Calls to company president Robert Goldberg were not immediately returned Thursday afternoon. Phillip Goldberg, who is listed as a contact on the company’s webpage on recycleamp.com, declined to provide any details of the incident. He also would not name the worker.
“No comment at this time,” Phillip Goldberg said. “He is fine. No comment. Bye.”
In November 2016, Columbia Recycling agreed to pay the Occupational Safety and Health Administration (OSHA) a settlement payment of $250,000 after the agency fined the company more than $300,000.
OSHA cited Columbia Recycling’s facility at 2410 S. Dixie Highway in October 2016 for five repeated, three serious and one other-than-serious safety and health violations. Acting on a complaint, the agency started an inspection on April 26. The serious citations related to improper storage of compressed gas cylinders, not ensuring an employee successfully completed training to operate a powered industrial truck and not allowing sufficient access and working space around electrical equipment.
At the time of the settlement, Robert Goldberg declined to discuss the specifics of the violations but said, “Columbia Recycling is definitely proactive when it comes to safety.”
“We are a safe environment.
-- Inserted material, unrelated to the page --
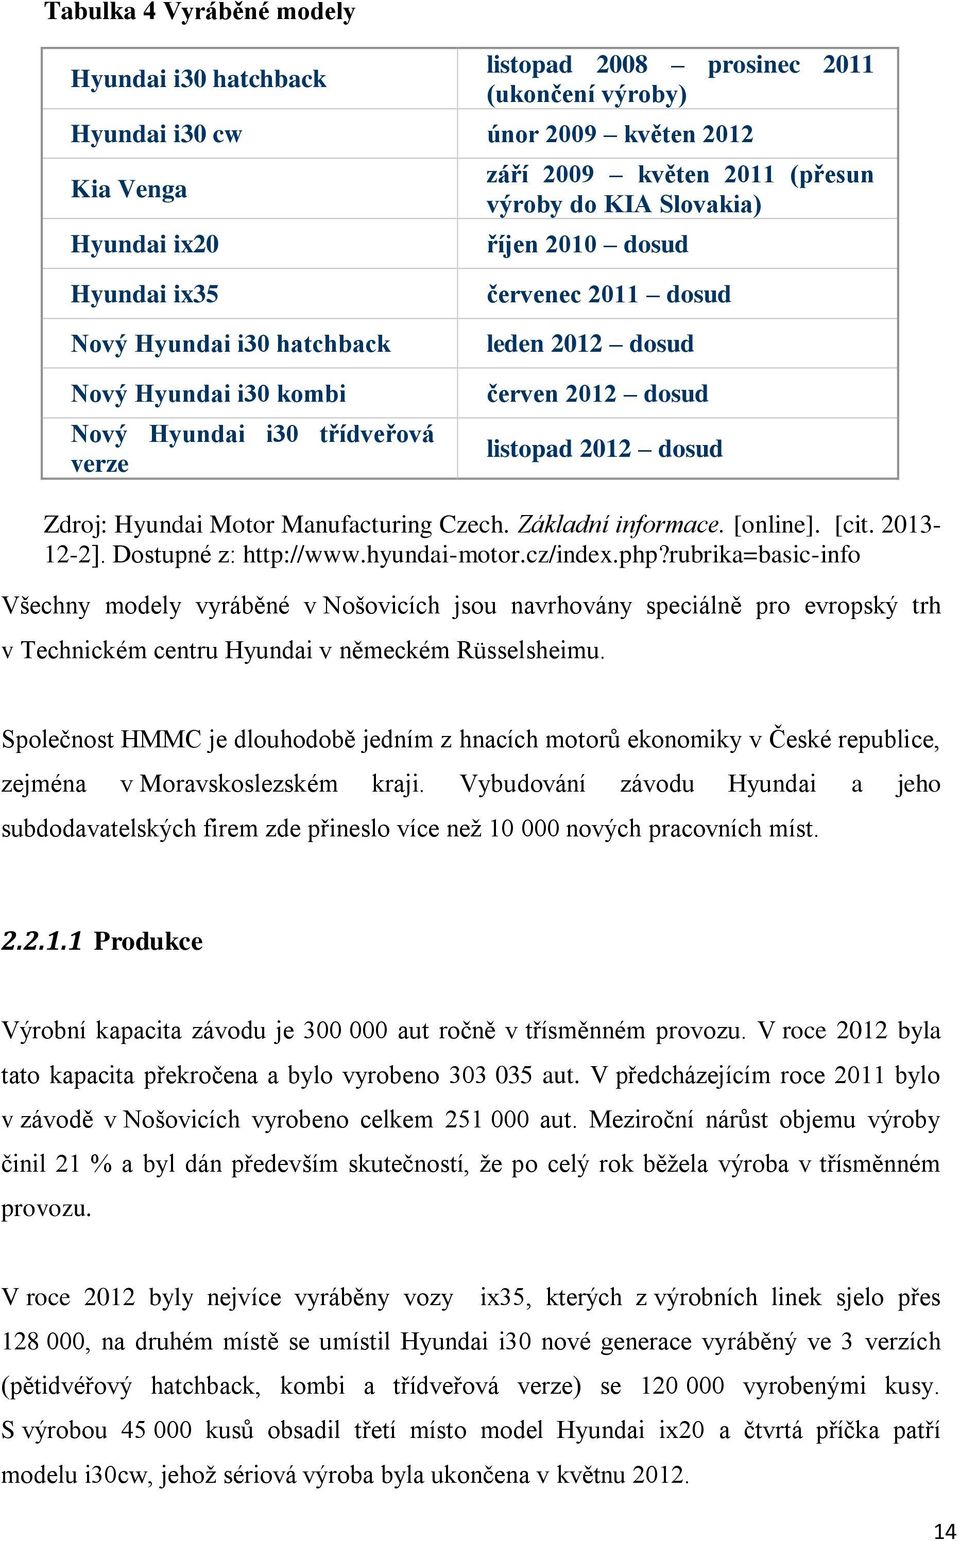 Zdroj: Hyundai Motor Manufacturing Czech. Základní informace. [online]. [cit. 2013-12-2]. Dostupné z: http://www.hyundai-motor.cz/index.php?

We have been in Dalton since 1970, but we started out in Philadelphia 100 years ago,” he said at the time. “We have meetings every day on safety.”
The Chattanooga Avenue facility has been plagued by fires in the past with firefighters responding to flames in 2007, 2010, 2011 and 2012. The 2007 fire resulted in the death of a line supervisor, two employee injuries and a $41,400 fine from OSHA, which cited Columbia Recycling for 11 serious safety violations.